After the 1998 agreement, the fund focused more intensely on reconciliation and dialogue, he said. One of the fund’s key advantages in working for peace is that it’s not identified with any party or side in the conflict.

“The fund can go into areas opposed to the agreement,” Johnston said. “It can open new pathways for communities to reconnect.”

Yet those pathways can be long and complex, and diagnosing where Northern Ireland’s society is today, two decades on from the Good Friday Agreement, yields a mixed picture, according to Professor Brandon Hamber, the director of the International Conflict Research Institute at Ulster University.  While there are high levels of political cooperation, several underlying issues persist, including economic division and social tensions. 

Over time, the sense of a shared vision for Northern Ireland has decreased since the early days of the agreement, according to Hamber’s research.  And while studies have shown a steady increase in the building of positive relationships and cultural and attitudinal change—areas of focus for the fund—the improvement has been slow, only 1 to 2 percentage points a year.

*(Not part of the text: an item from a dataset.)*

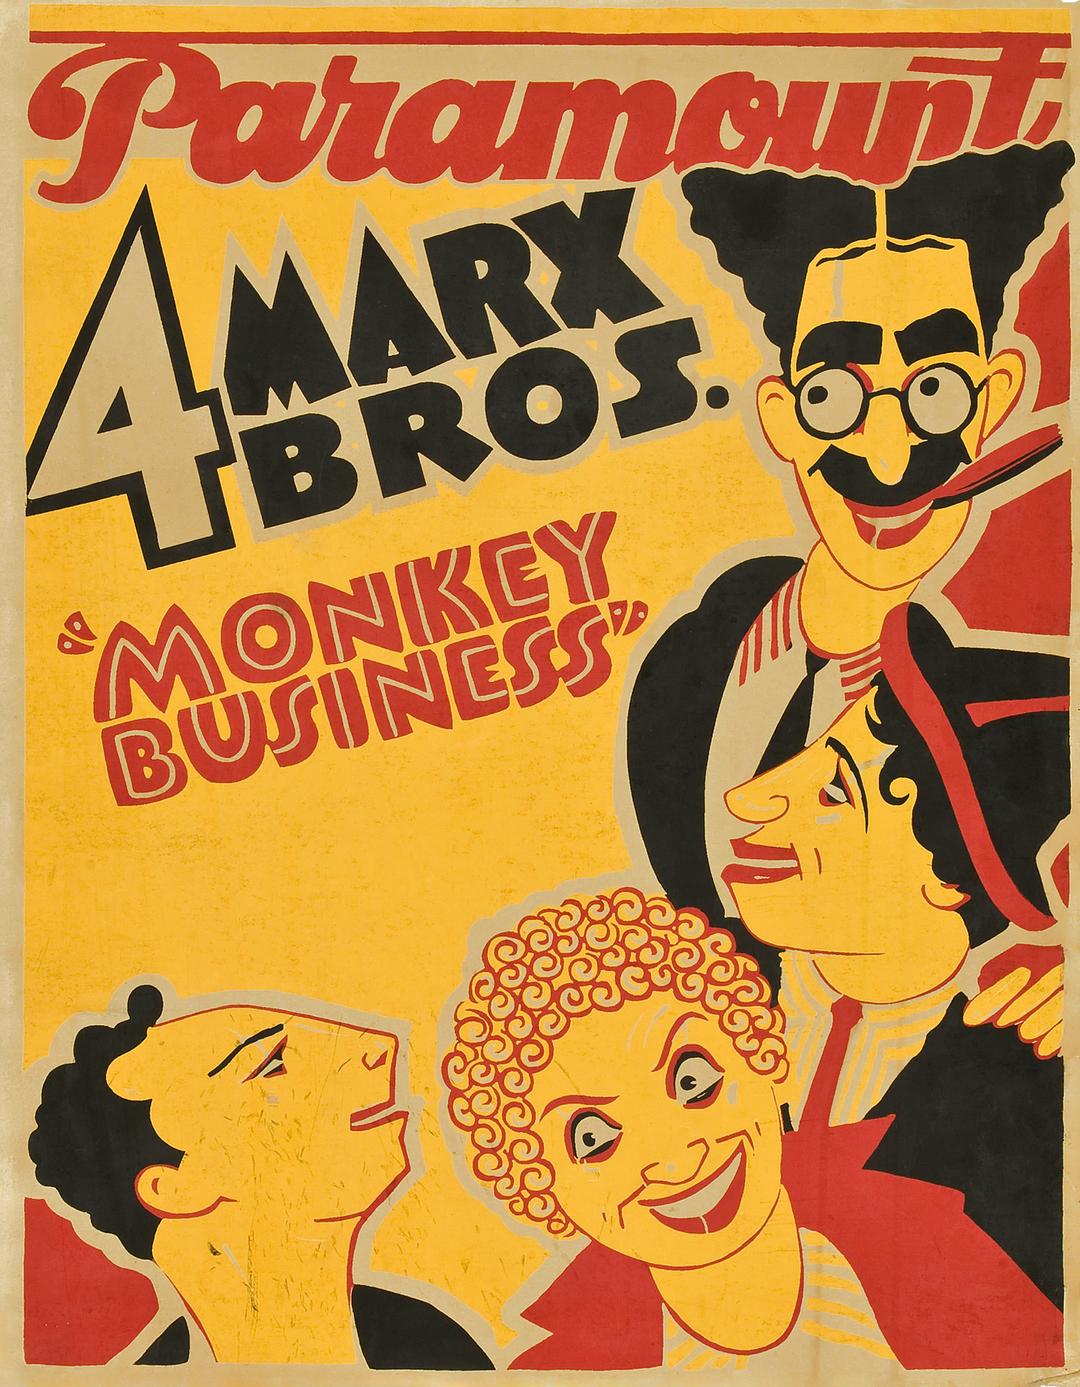  恶作剧/骗人把戏 Monkey.Business.1931.1080p.BluRay.x264-SiNNERS 7.65GB

It is precisely because peacebuilding is a long-term proposition that some kind of scaled-up and sustained funding model could add value in the Israeli-Palestinian context, said Lucy Kurtzer-Ellenbogen, director of the Arab-Israeli conflict program at USIP.  Findings from a recent USIP evaluation of the institute’s dialogue grants projects show that a strong factor in strengthening impact over time is consistency in funding that can enable organizations to build on early successes and take risks to encourage innovation, she said.  A more detailed report of the study is forthcoming.

Types of Work That Receive Funding

In the Israeli-Palestinian context, innovation and risk also should apply to the types of work being funded, Kurtzer-Ellenbogen said.  Growing social and political challenges to Israeli and Palestinian interaction have caused civil society organizations to “turn inwards” and focus on healing divides within their own societies. These are equally important projects for any new funding mechanism, Kurtzer-Ellenbogen said.

The fund’s independence in a fraught political context is a key benefit, said Joel Braunold, the executive director of the Alliance for Middle East Peace and an advocate for an international fund for the Israeli-Palestinian conflict. While international financing of NGOs is politically volatile in the Middle East, an independent and inclusive fund could gain legitimacy, via financing and political support from parties each side trusts, Braunold said. 

Father Josh Thomas, executive director of Kids4Peace, an interfaith youth movement working with Israelis and Palestinians, said it’s important to build a sense of hope in the face of so much despair, cynicism and negativity. His organization is part of Braunold’s coalition of 110 groups working on the ground to build relationships between Arabs and Jews.  

But the challenging social and political environment makes it difficult for even motivated young people to affect broader social change. Arguing for scaled-up investment, Thomas cited one of his Palestinian teenage participants. When asked what it would take to feel more confident and strong in his work as a young person pursuing a nonviolent path to peace, the youth simply replied “more people.”

Despite a common perception that grassroots peacebuilding has long been a large-scale funding priority in efforts to resolve the Israeli Palestinian conflict, Braunold said civil society was an afterthought of the first Oslo Accords of 1993, and peace and reconciliation didn’t feature at all.

EU funding for civil society groups began only in 1998, and the U.S. contribution of $10 million a year didn’t begin until 2004, after the second intifada, Braunold said. Today, civil society is “no longer an afterthought,” he said, citing explicit recognition in a July 2016 document from the Quartet of U.S., Russia, the EU and the United Nations that mediates the peace process.

“We are a necessary part of the solution,” Braunold said. “If we are seen as just ‘nice,’ we are destined to repeat the same mistakes that have caused the failures of the past.”